"That is our experience certainly," said Ferdinand.

"I hate change!" the old man continued, his eyes on the old church, the old timbered house--for only the gateway tower at Coton is of stone--the old yew trees in the churchyard. "I do not believe in it, and, what is more, I will not have it. As my fathers have worshiped, so will I, though it cost me every rood of land! A fig for the Order in Council!"

"If you really will not change with the younger generations----"

"I will not!" replied the old knight sharply. "There is an end of it!"

To-day the Reformed Church in England has seen many an anniversary, and grown stronger with each year; and we can afford to laugh at Sir Anthony's arguments. We know better than he did, for the proof of the pudding is in the eating. But in him and his fellows, who had only the knowledge of their own day, such arguments were natural enough. All time, all experience, all history and custom and habit, as known to them, were on their side. Only it was once again to be the battle of David and the Giant of Gath.

Sir Anthony had said, "There is an end of it!" But his companion, as he presently strolled up to the house with a smile on his saturnine face, well knew that this was only the beginning of it. This was Friday.

On the Sunday, a rumor of the order having gone abroad, a larger congregation than usual streamed across the Chase to church, prepared to hear some new thing. They were disappointed. Sir Anthony stalked in as of old, through the double ranks of people waiting at the door to receive him; and after him Ferdinand and his wife, and Petronilla and Baldwin, and every servant from the house save a cook or two and the porter. The church was full. Seldom had such a congregation been seen in it. But all passed as of old. Father Carey's hand shook, indeed, and his voice quavered; but he went through the ceremony of the mass, and all was done in Latin. A little change would have been pleasant, some thought. But no one in this country place on the borders of the forest held very strong views. No bishop had come heretic-hunting to Coton End. No abbey existed to excite dislike by its extravagance or by its license or by the swarm of ragged idlers it supported. Father Carey was the most harmless and kindest of men. The villagers did not care one way or the other. To them Sir Anthony was king. And if any one felt tempted to interfere, the old knight's face, as he gazed steadfastly at the brass effigy of a Cludde, who had fallen in Spain fighting against the Moors, warned the meddler to be silent.

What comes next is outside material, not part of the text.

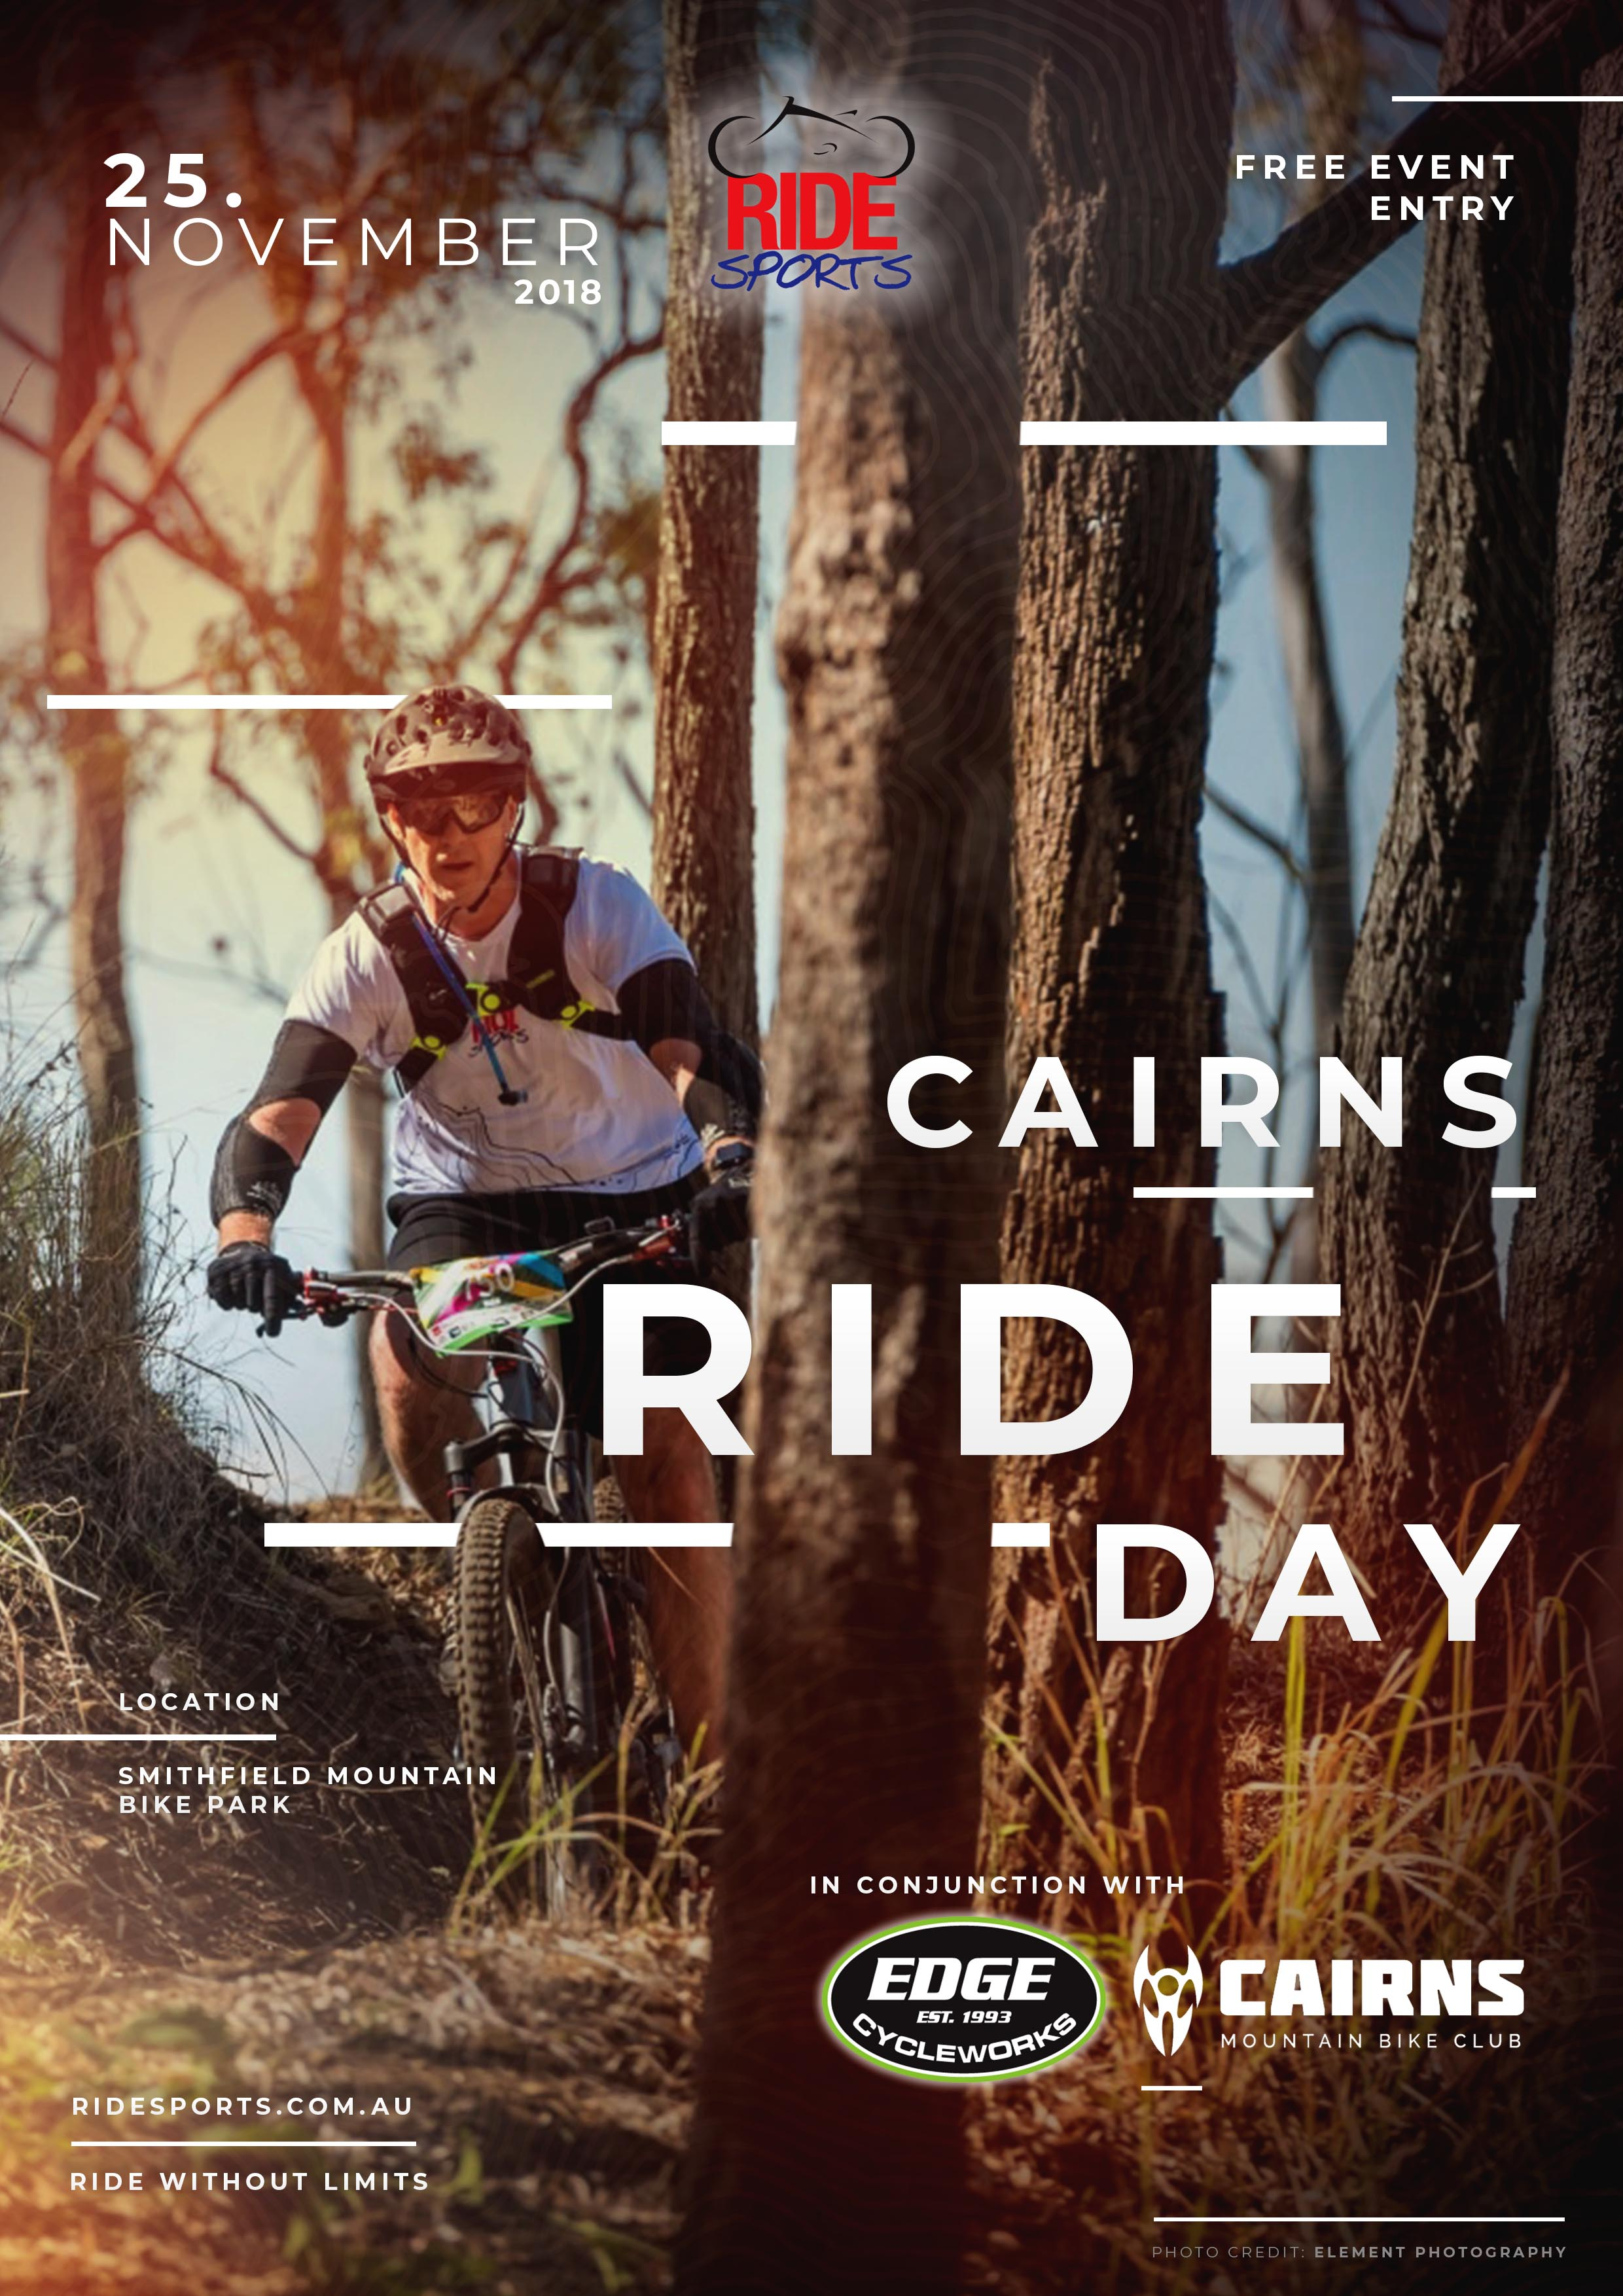 CAIRNS-poster-mockup copy.jpg

And so on that Sunday all went well. But some one must have told tales, for early in the week there came a strong letter of remonstrance from the sheriff, who was an old friend of Sir Anthony, and of his own free will, I fancy, would have winked. But he was committed to the Protestants, and bound to stand or fall with them. The choleric knight sent back an answer by the same messenger. The sheriff replied, the knight rejoined--having his brother always at his elbow. The upshot of the correspondence was an announcement on the part of the sheriff that he should send his officers to the next service, to see that the queen's order was obeyed; and a reply on the part of Sir Anthony that he should as certainly put the men in the duck-pond. Some inkling of this state of things got abroad, and spread as a September fire flies through a wood; so that there was like to be such a congregation at the next service to witness the trial of strength, as would throw the last Sunday's gathering altogether into the shade.

It was clear at last that Sir Anthony himself did not think that here was the end of it. For on that Saturday afternoon he took a remarkable walk. He called Petronilla after dinner, and bade her get her hood and come with him. And the girl, who had seen so little of her father in the last month, and who, what with rumors and fears and surmises, was eating her heart out, obeyed him with joy. It was a fine frosty day near the close of December. Sir Anthony led the way over the plank-bridge which crossed the moat in the rear of the house, and tramped steadily through the home farm toward a hill called the Woodman's View, which marked the border of the forest. He did not talk, but neither was he sunk in reverie. As he entered each field he stood and scanned it, at times merely nodding, at times smiling, or again muttering a few words such as, "The three-acre piece! My father inclosed it!" or, "That is where Ferdinand killed the old mare!" or, "The best land for wheat on this side of the house!" The hill climbed, he stood a long time gazing over the landscape, eying first the fields and meadows which stretched away from his feet toward the house; the latter, as seen from this point, losing all its stateliness in the mass of stacks and ricks and barns and granaries which surrounded it. Then his eyes traveled farther in the same line to the broad expanse of woodland--Coton Chase--through which the road passed along a ridge as straight as an arrow. To the right were more fields, and here and there amid them a homestead with its smaller ring of stacks and barns. When he turned to the left, his eyes, passing over the shoulders of Barnt Hill and Mill Head Copse and Beacon Hill, all bulwarks of the forest, followed the streak of river as it wound away toward Stratford through luscious flood meadows, here growing wide, and there narrow, as the woodland advanced or retreated.

"It is all mine," he said, as much to himself as to the girl. "It is all Cludde land as far as you can see."